You may want to swap the pickups for something hum-cancelling but I found that the overall tone of a single-coil works pretty well for low tunings. If you want a humbucker, though, the Seymour Duncan Hot Rails sound great.

The only thing that may give you issue is the saddle for the low B, if it's the traditional 3-saddle style bridge you may not necessarily be able to intonate easily. IIRC though most MIM teles lately have been using modern-style 6-saddle bridges which won't give you much of an issue.


----------



## jimmy906 (May 2, 2016)

Fender made a blacktop baritone telecaster, which has a 27 inch neck. Made for B to B tuning!
someone just put one up for sale on reverb, i don't know if they still make them anymore.
They are kind of hard to find.


----------



## NSE (May 2, 2016)

The Jim Root tele is factory set up for Drop B and I assume easily capable of A


----------



## cip 123 (May 2, 2016)

Open B and Open C here with a Tele.


----------



## jeremyb (May 2, 2016)

I used to have my tele in drop A, with a D'addario light baritone set on it, 13-62 

Harder to intonate tho', better off getting a blacktop baritone!


----------



## toner (May 2, 2016)

I use Ernie Ball 12-56 with a wound 22w-24w on the 3rd string, for Drop B.


----------



## austink (May 3, 2016)

I have never even thought of going low with my tele. It may be something I have to try.

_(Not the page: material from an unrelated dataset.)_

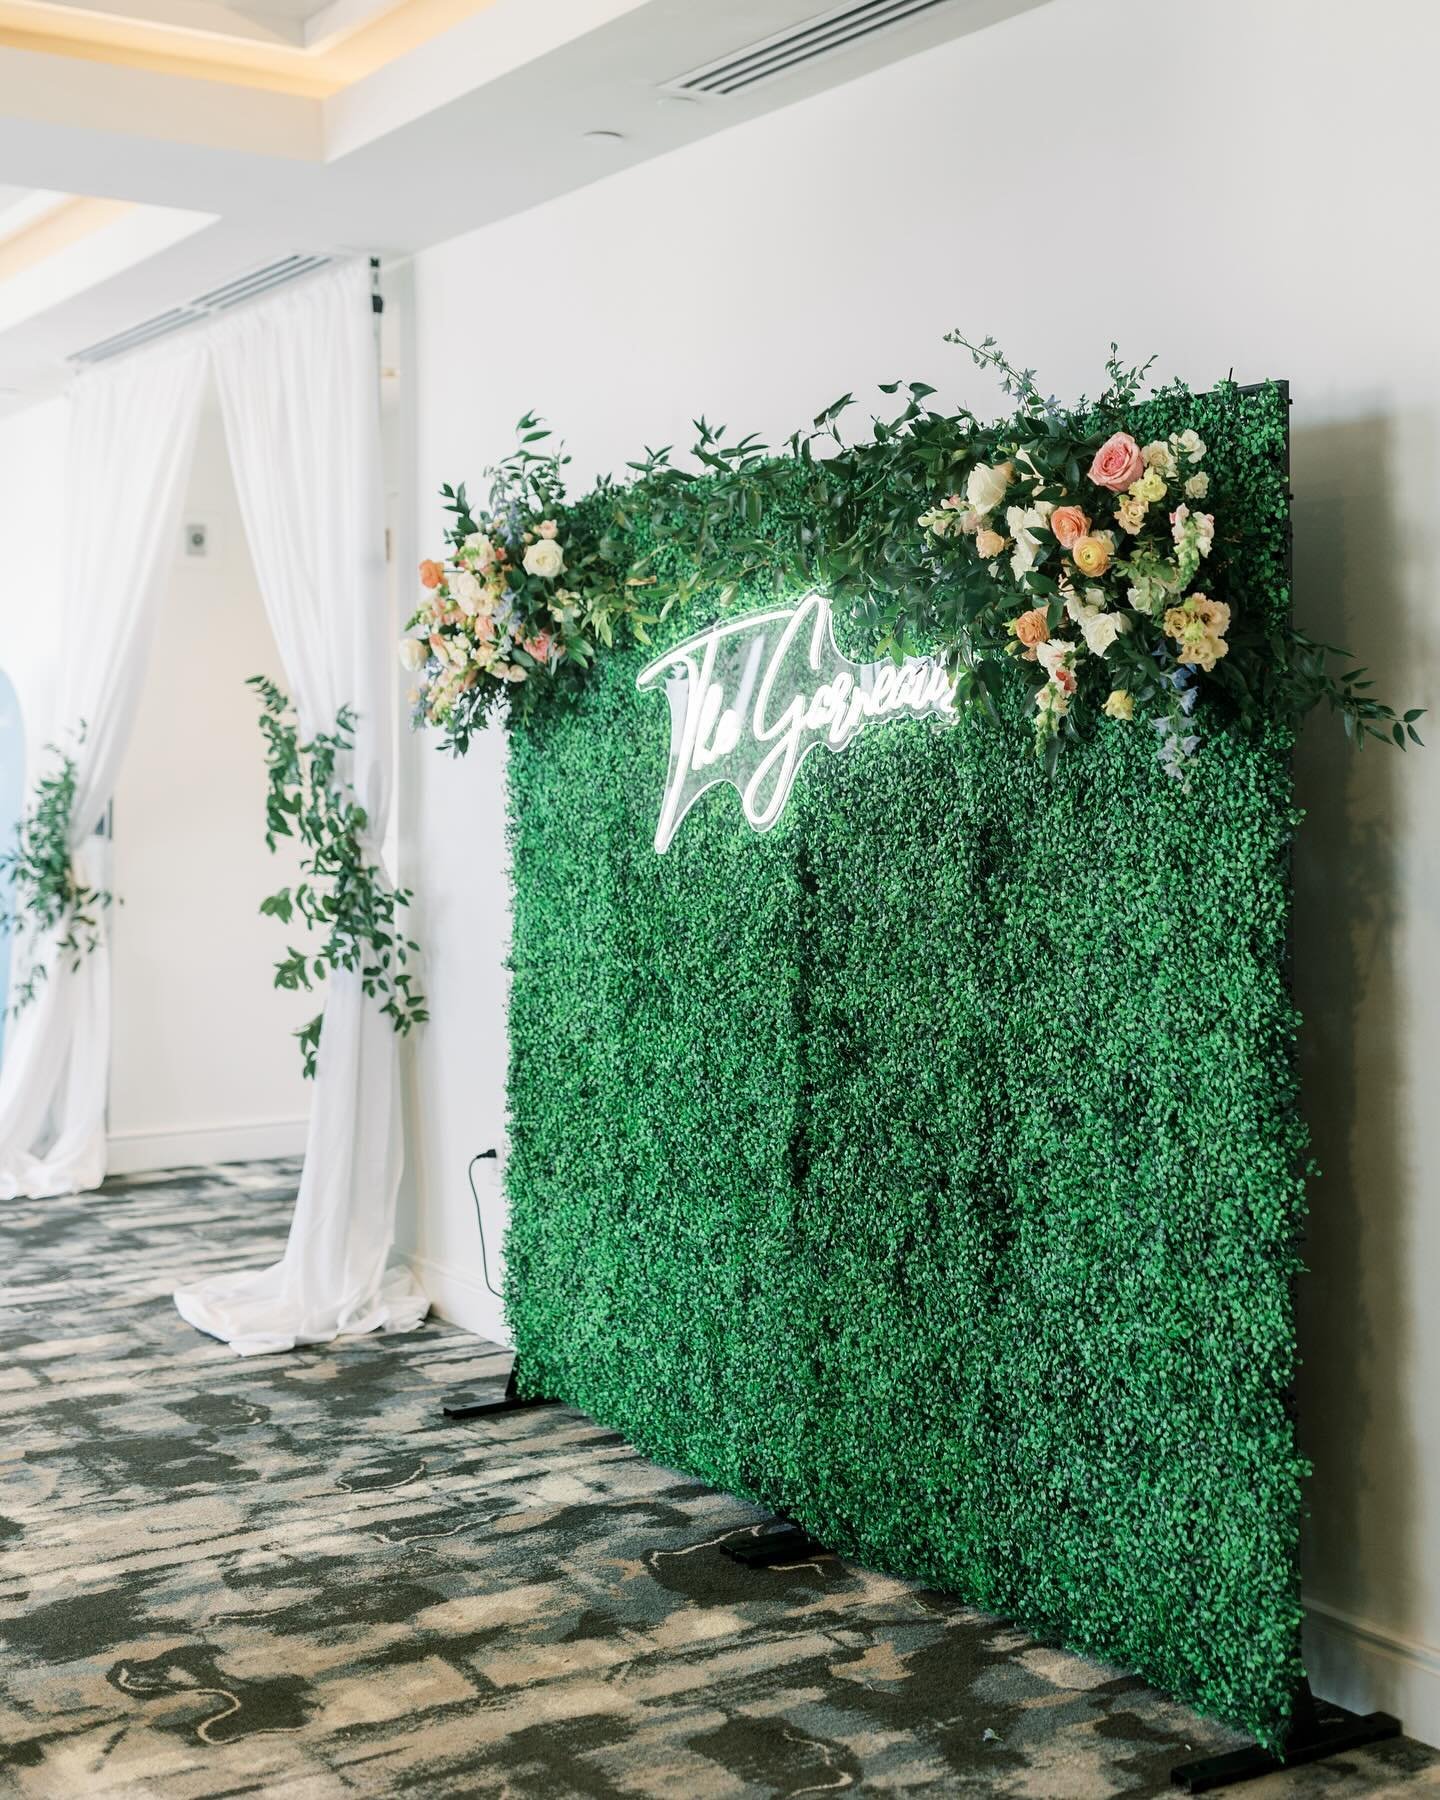 We are always looking for ways to make every detail feel unique to our couples &mdash; we love that for this photo-booth, we opted to upgrade their neon sign by using their new last name. This made the moment more personalized + gave them the perfect

But as everyone else has mentioned, just be mindful of the saddles on there. I have the 3 saddles and it is definitely a compromise when it comes to getting intonation correct.


----------



## rockskate4x (May 6, 2016)

25.5" scale length does it!
Tele pickups can have great grind and clarity for lower tunings, but your milage may vary. Single coil hum might be a turn-off, and I also wouldn't necessarily expect a super compressed "chuggy" tone. 
Look out for 3 saddle bridges. Intonation can be a beotch.
As with any guitar going from regular strings to super fat strangs, expect to need the nut filed.


----------



## deluxeg (May 6, 2016)

NSE said:


> The Jim Root tele is factory set up for Drop B and I assume easily capable of A



The Jim Root guitars come with .09s in standard tuning.


----------



## Mprinsje (May 8, 2016)

Any guitar will do any tuning as long as you put the right strings on it and set it up right.


----------